The FN FNAR is a gas-operated semi-automatic rifle. The short-stroke gas piston is located below the (internally chromed) barrel, within the stock. The barrel is locked using a rotary bolt with multiple lugs. The receiver is machined from aircraft-grade 7075 T6 aluminum alloy. The polymer stock has an adjustable buttstock and pistol grip. Ammunition is fed from a detachable box magazine, with a standard capacity of 20 rounds of 7.62 mm ammunition, although 5 and 10 round magazines are available if required by local legislation.

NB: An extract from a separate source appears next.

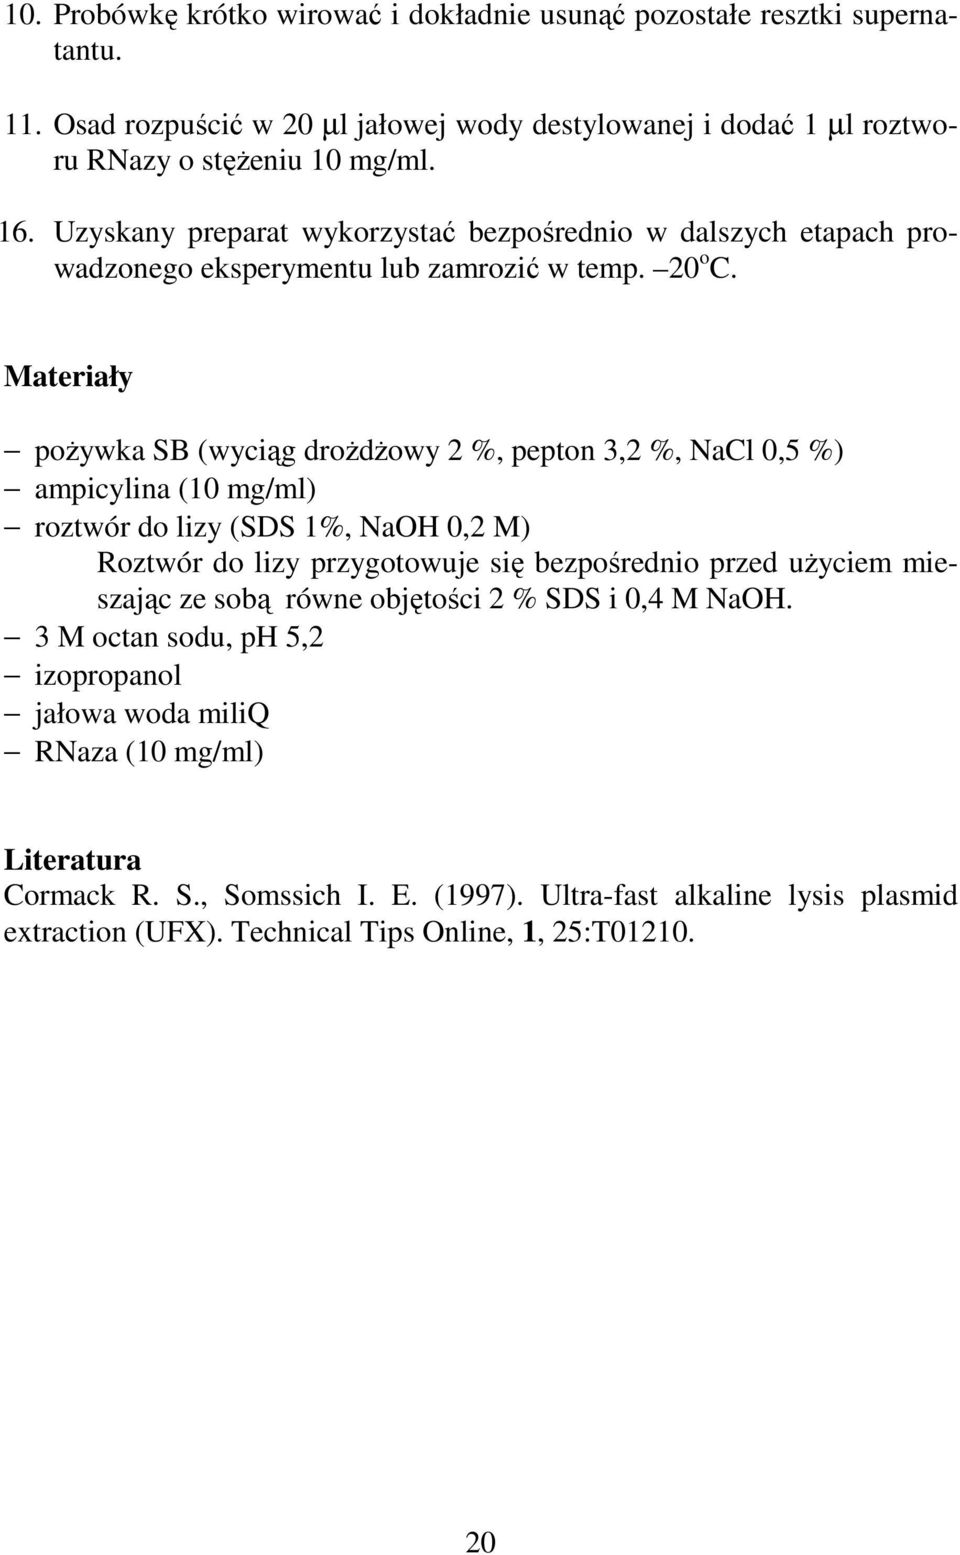 Materiały poŝywka SB (wyciąg droŝdŝowy 2 %, pepton 3,2 %, NaCl 0,5 %) ampicylina (10 mg/ml) roztwór do lizy (SDS 1%, NaOH 0,2 M) Roztwór do lizy przygotowuje się bezpośrednio przed uŝyciem

There are no iron sights installed by default; each FNAR rifle is fitted with a Picatinny rail on the top of the receiver, and three more short rails are installed at the front of the rifle stock.

The FNAR uses a two-stage non-adjustable trigger specified at between 3.25 and 5.5 pounds.

==Variants==
The standard FN FNAR has a light fluted barrel. The heavy barreled FN FNAR-H variant weighs about a pound more. Both are out-of-the-box guaranteed to be capable of Minute of Angle accuracy. A Winchester-branded version is called the Winchester SX-AR. The standard model retains the pistol grip and comes with a heavy profile 20" match grade chrome lined barrel. Rails are a reduced length top rail for optics mounting and one short bottom rail section for sling or bi-pod mounting. It is finished in a Cerakote type Mossy Oak camo pattern. The standard 10 round SX-AR detachable box magazines are interchangeable with the 20 round FNAR magazines.